Я молчал. Хилари был моим другом, но сейчас, наверное, он ненавидел меня так же, как любой полицейский ненавидит увиливающего от показаний свидетеля.

— Что ж, Билл, увидимся позднее. А сейчас убирайся!

— Последняя просьба, — сказал я. — Одолжи мне на время револьвер.

— Как же, как же, с огромным удовольствием, — со злым сарказмом сказал он. — В управлении у нас несколько моделей. Вам, сэр, желательно какую?
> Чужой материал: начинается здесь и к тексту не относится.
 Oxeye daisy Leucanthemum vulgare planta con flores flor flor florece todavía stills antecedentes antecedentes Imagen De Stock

— Остынь, — сказал я. — Моя просьба вполне законна. Вот лицензия.

— Разрешающая носить оружие только с указанным номером. И никакого другого. Вот и пользуйся на здоровье своей пушкой.

— Её похитили.

Он посмотрел на меня долгим суровым взглядом. Вероятно, так озирает окрестности аллигатор, высунув голову из воды.
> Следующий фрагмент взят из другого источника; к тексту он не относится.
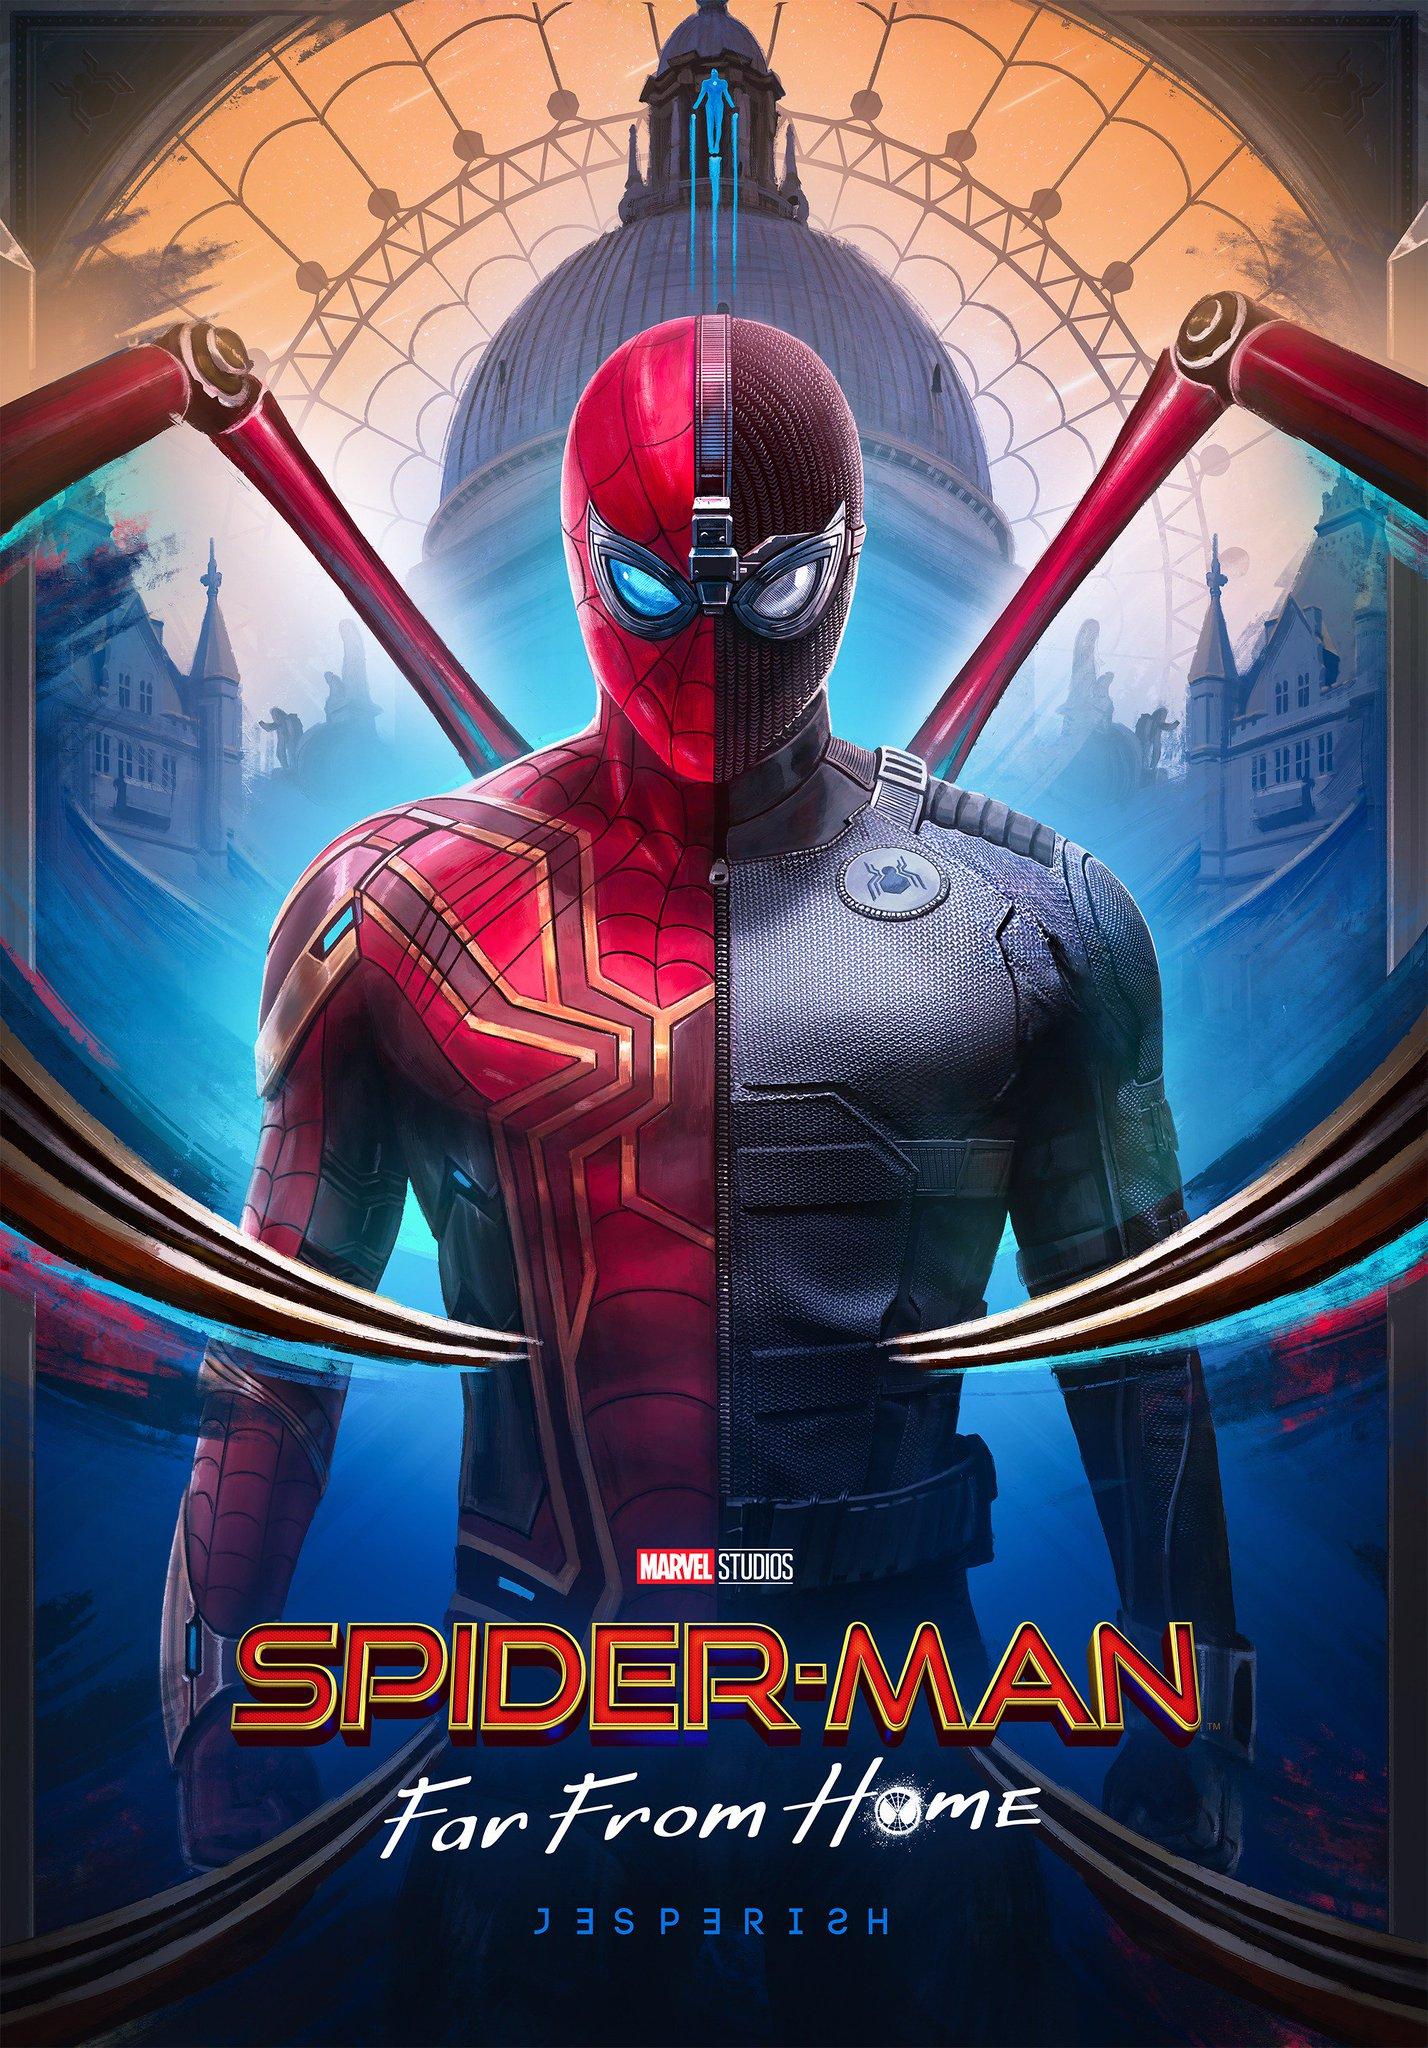 ผลการค้นหารูปภาพสำหรับ spiderman far from home

— Напомни, что ты сказал мне о своей заинтересованности в деле Люсьен?

— Вроде бы ничего.

— Тогда оторви свой зад от кресла и убирайся. Из города не уезжай. Ты понадобишься. Когда опознают этого гомика. Исчезни!

— Я позвоню, — сказал я.

Я вышел на улицу, миновал два квартала, потом, свернув направо, ещё три, прошел с полмили налево и остановился возле витрины с красивыми галстуками. Какой-то тип в штатском, не отстававший от меня, пересек по диагонали улицу и принялся изучать рыболовные снасти в витрине соседнего магазина. Я неторопливо двинулся вперед. Он прошёл полквартала и остановился. Ситуация была мне не по душе. Я не знал, по чьему приказу ко мне приставили хвост — то ли так распорядился Хилари, то ли проявил инициативу Бедекер. В любом случае от слежки необходимо было избавиться.
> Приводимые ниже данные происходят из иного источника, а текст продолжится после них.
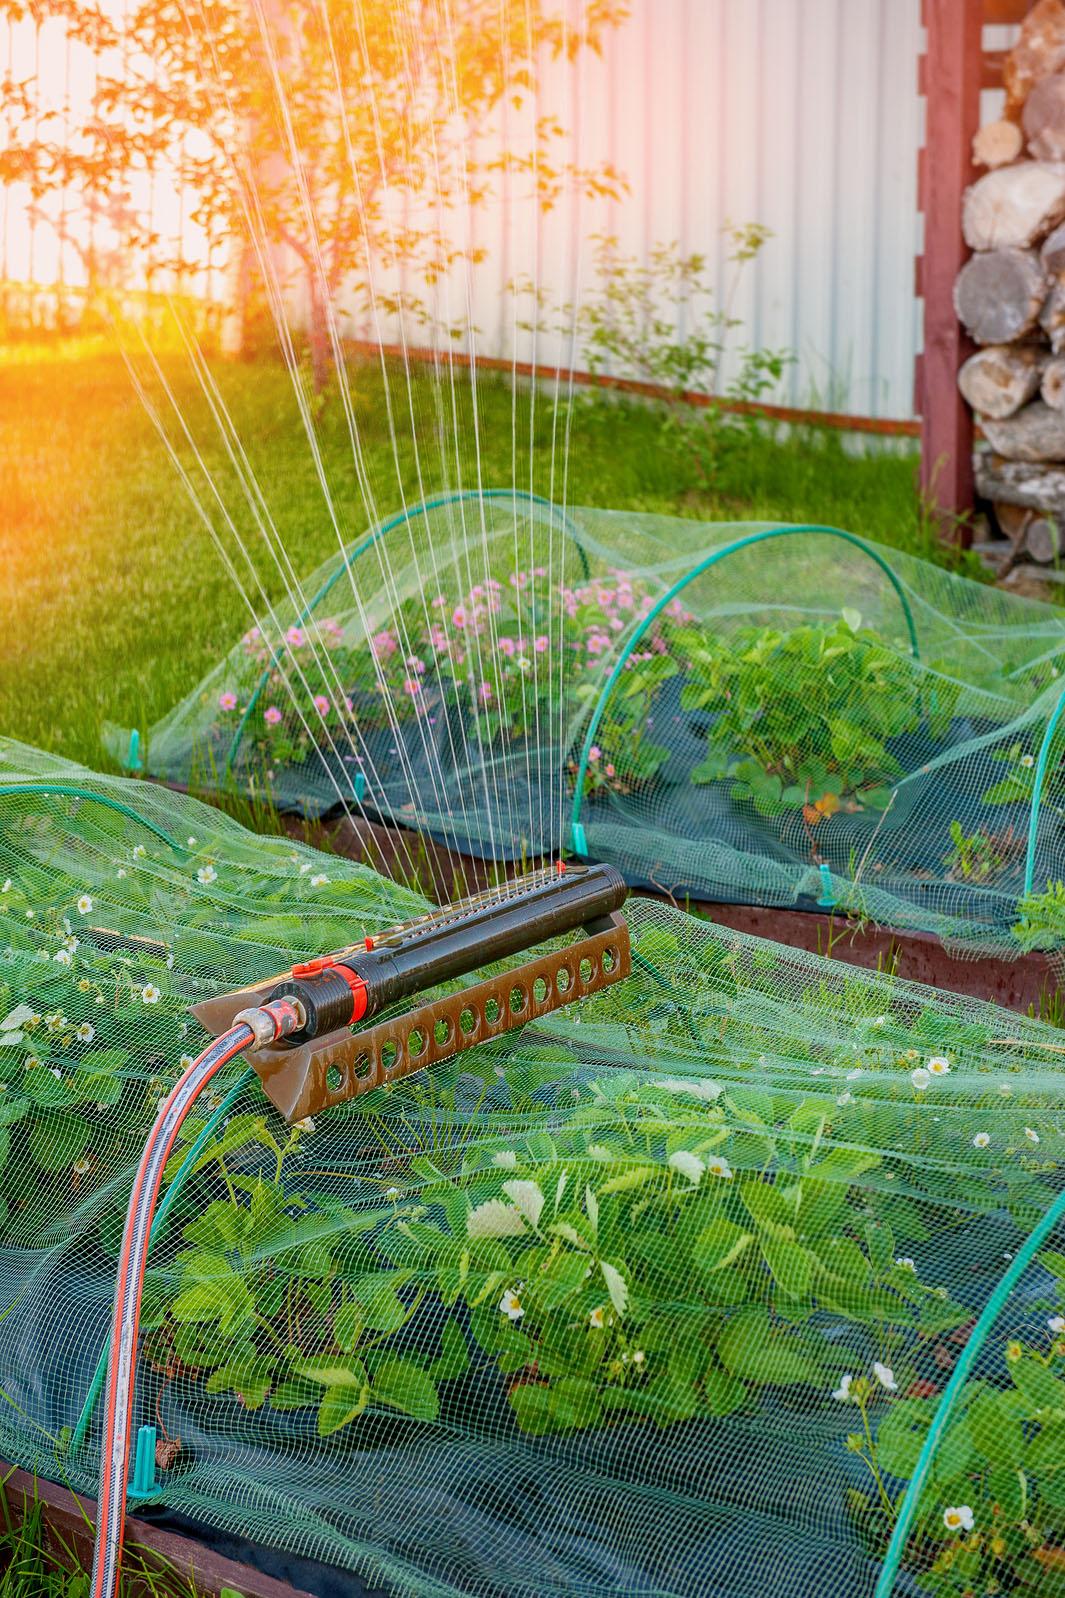 About Williston Irrigation - Minneapolis, MN

Я дождался появления такси, убедился, что в обозримых пределах не видно других машин, помахал рукой и, когда водитель затормозил, прыгнул в салон. Хвост на противоположной стороне улицы в панике рванул через дорогу. Когда такси заворачивало за угол, я обернулся. Легавый отчаянно махал рукой, тщетно пытаясь остановить частника.

Я велел таксисту покрутиться по городу минут десять, потом, указав знакомое здание, попросил остановиться. Нырнув в подворотню, я быстрым шагом миновал два проходных двора и спустя минуту уже находился на другой улице.

Ближайший телефон-автомат был в аптеке. В справочнике против имени Джозеф М. Хэпуорт значилось два номера — служебный и домашний. Для начала я набрал домашний и, когда ответа не последовало, позвонил в контору. Трубку быстро сняли, и низкий, хорошо поставленный женский голос сказал:

— Адвокатская контора мистера Хэпуорта. Говорит мисс Хемминг.

— Позовите босса.

Не сомневаюсь, меня приняли за грубияна. В голосе мисс Хемминг послышались возмущенные нотки:

— У него совещание. Что-нибудь передать?

— Скажите, что с ним желает говорить Йетс. По поводу старухи Люсьен.

Она была вышколенной секретаршей. Её голос не изменился ни на йоту:

— Минутку, сэр, посетитель, кажется, вышел. Соединяю.

Я ждал. Послышались три щелчка различной тональности — мягкий, плавный и ещё один, чуть резче. На другом конце провода меня слушали по крайней мере два человека. Вкрадчивый, густой, с легким шотландским акцентом голос словно сдабривал каждое слово елеем:

— Да-а? Мистер Йетс? Вы желаете со мной побеседовать? Что именно вас интересует?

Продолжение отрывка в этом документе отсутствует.